SUPPLIED DATA:
★ ★ ★
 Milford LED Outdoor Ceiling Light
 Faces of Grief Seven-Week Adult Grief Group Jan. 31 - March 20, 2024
★ ★ ★
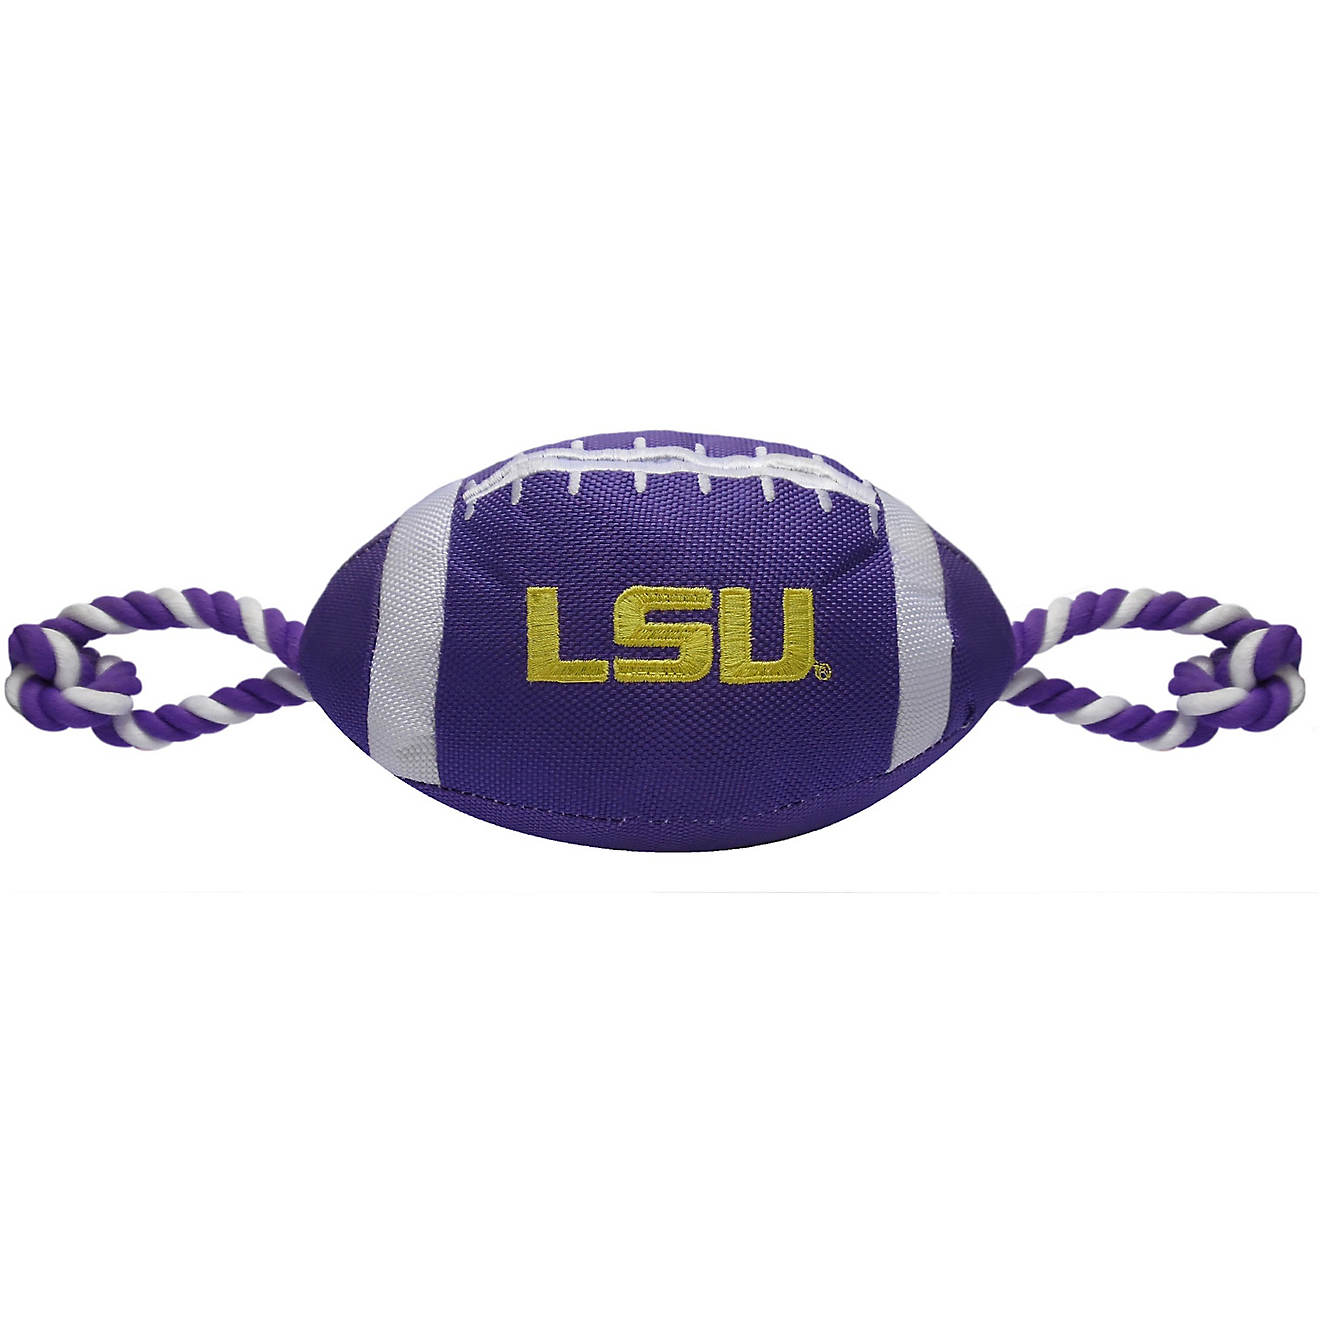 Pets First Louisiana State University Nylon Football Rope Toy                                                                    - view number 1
★ ★ ★
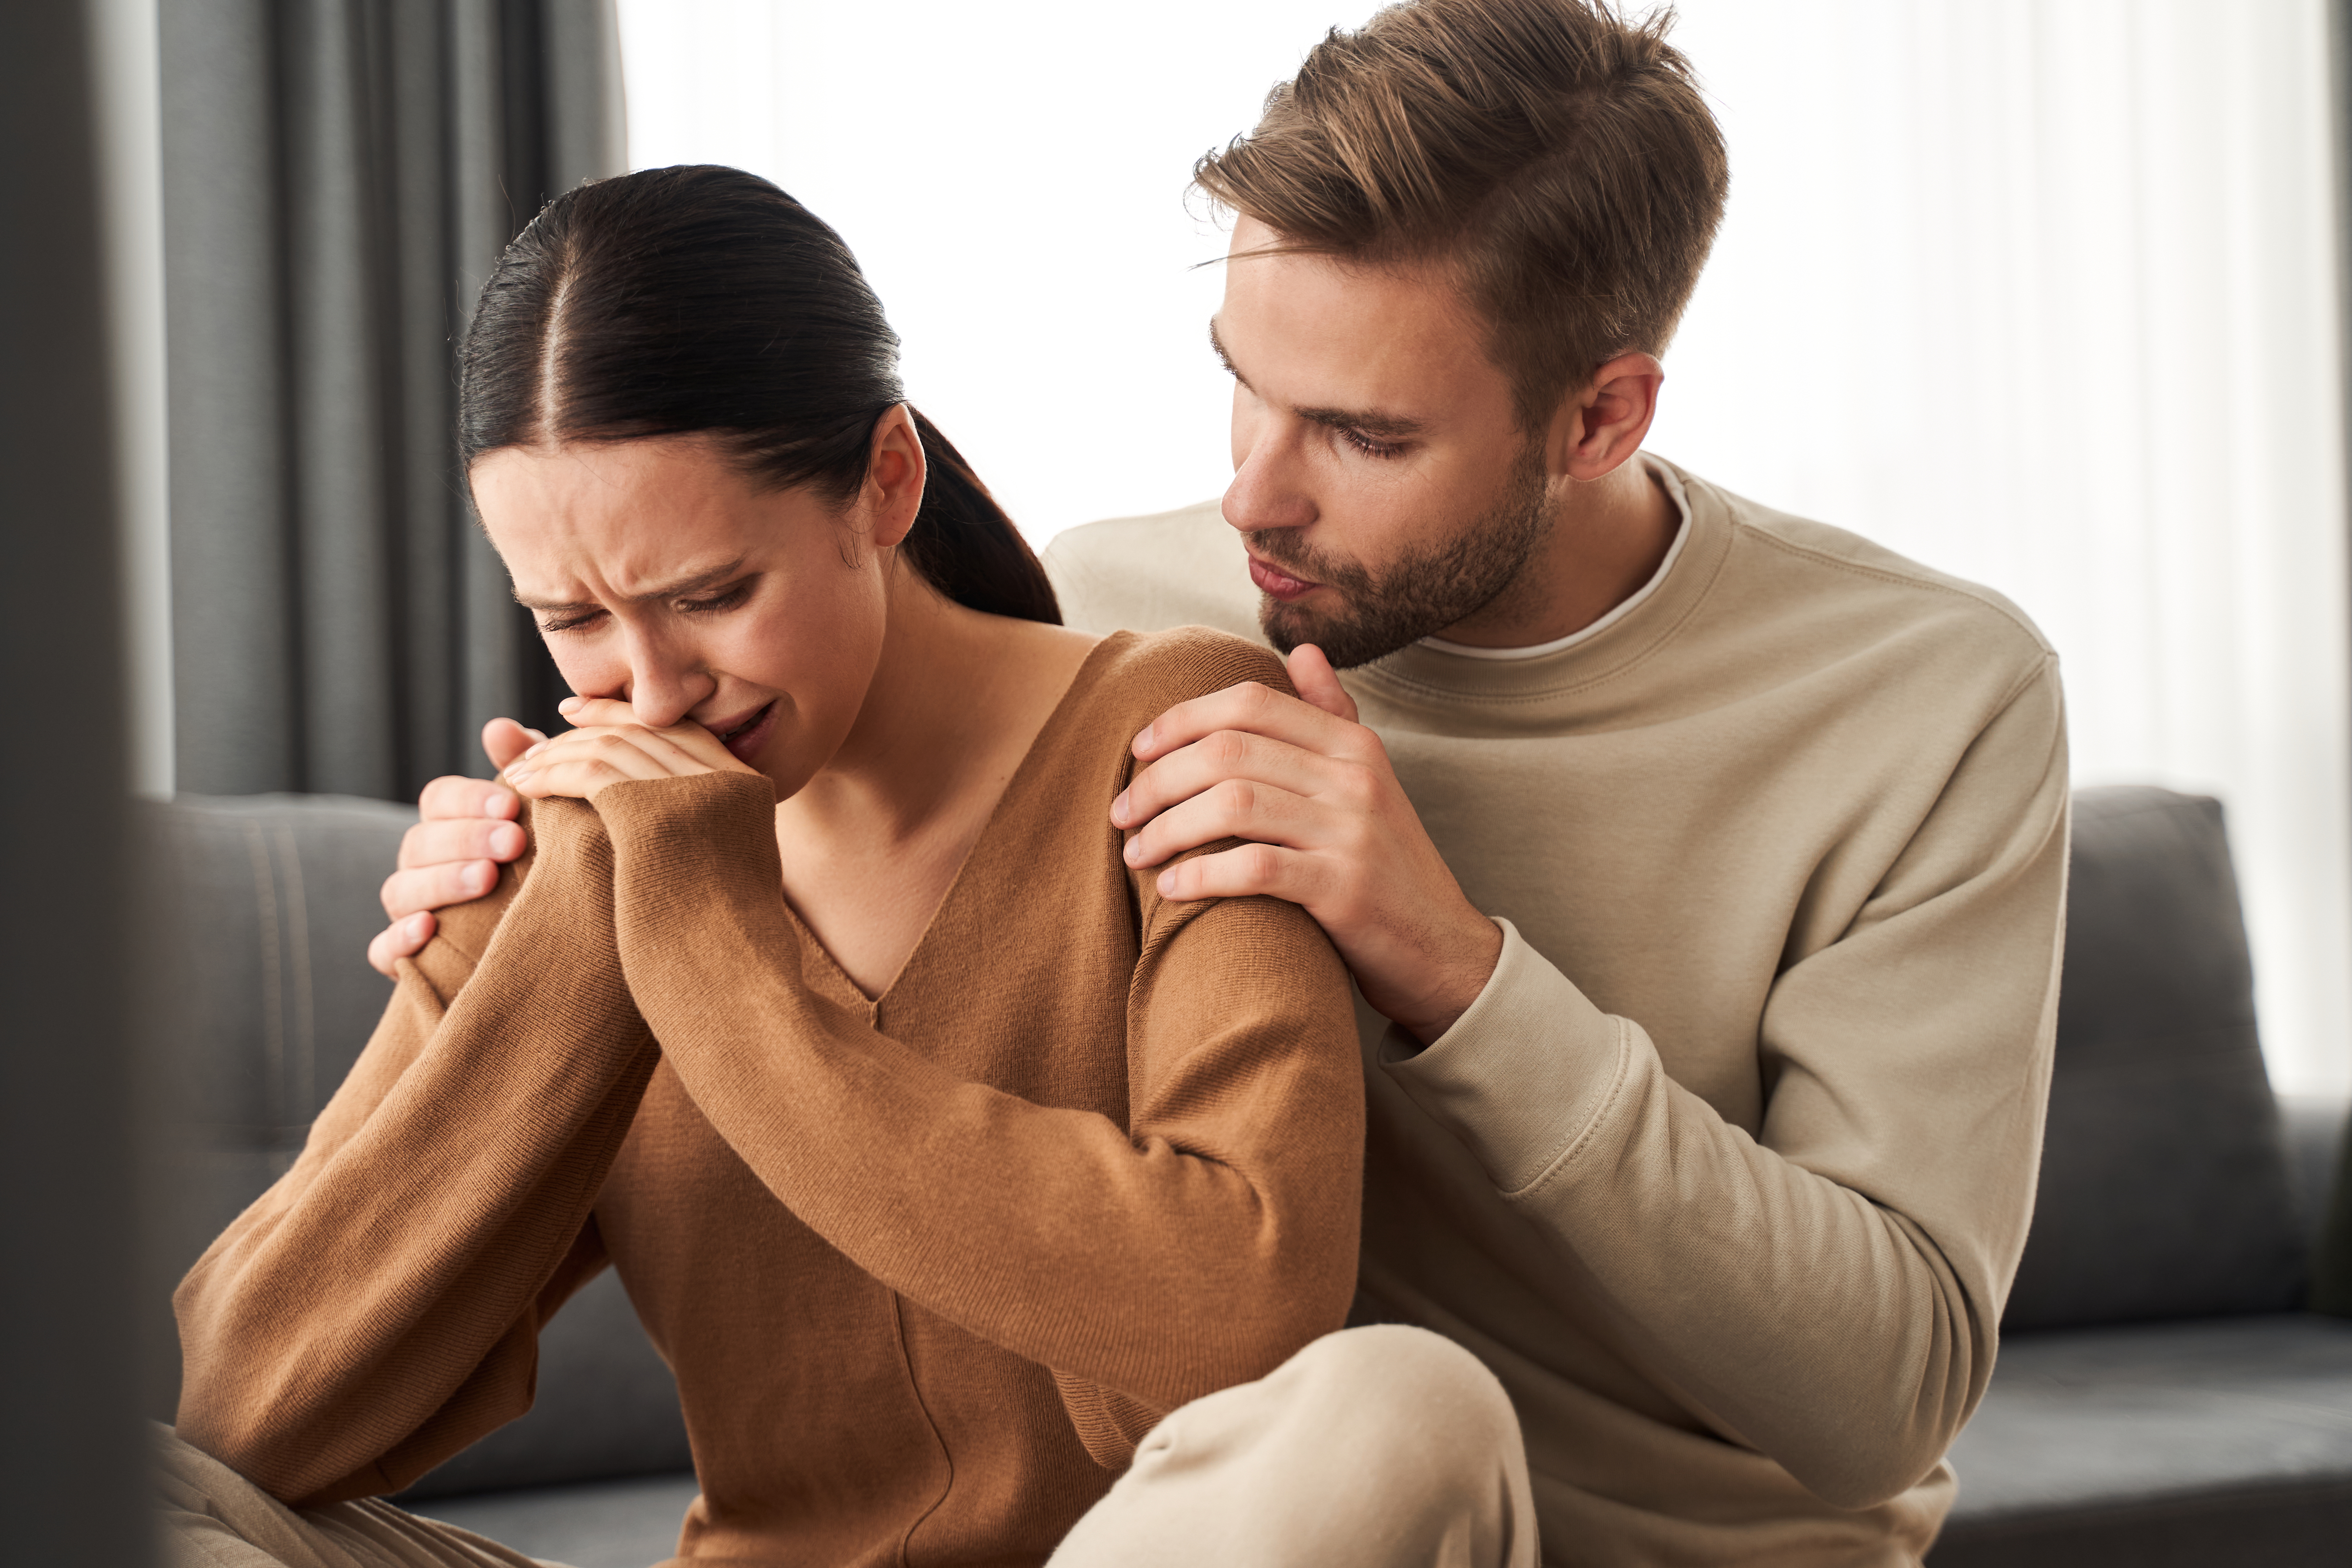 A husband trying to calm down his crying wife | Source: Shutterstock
★ ★ ★
WHAT TO DO:
Beginning at the line with "Milford LED Outdoor Ceiling Light" and stopping after the line with "Faces of Grief", please write out every line of the data above exactly and nothing else.

OUTPUT FOR THIS TASK:
 Milford LED Outdoor Ceiling Light
 Faces of Grief Seven-Week Adult Grief Group Jan. 31 - March 20, 2024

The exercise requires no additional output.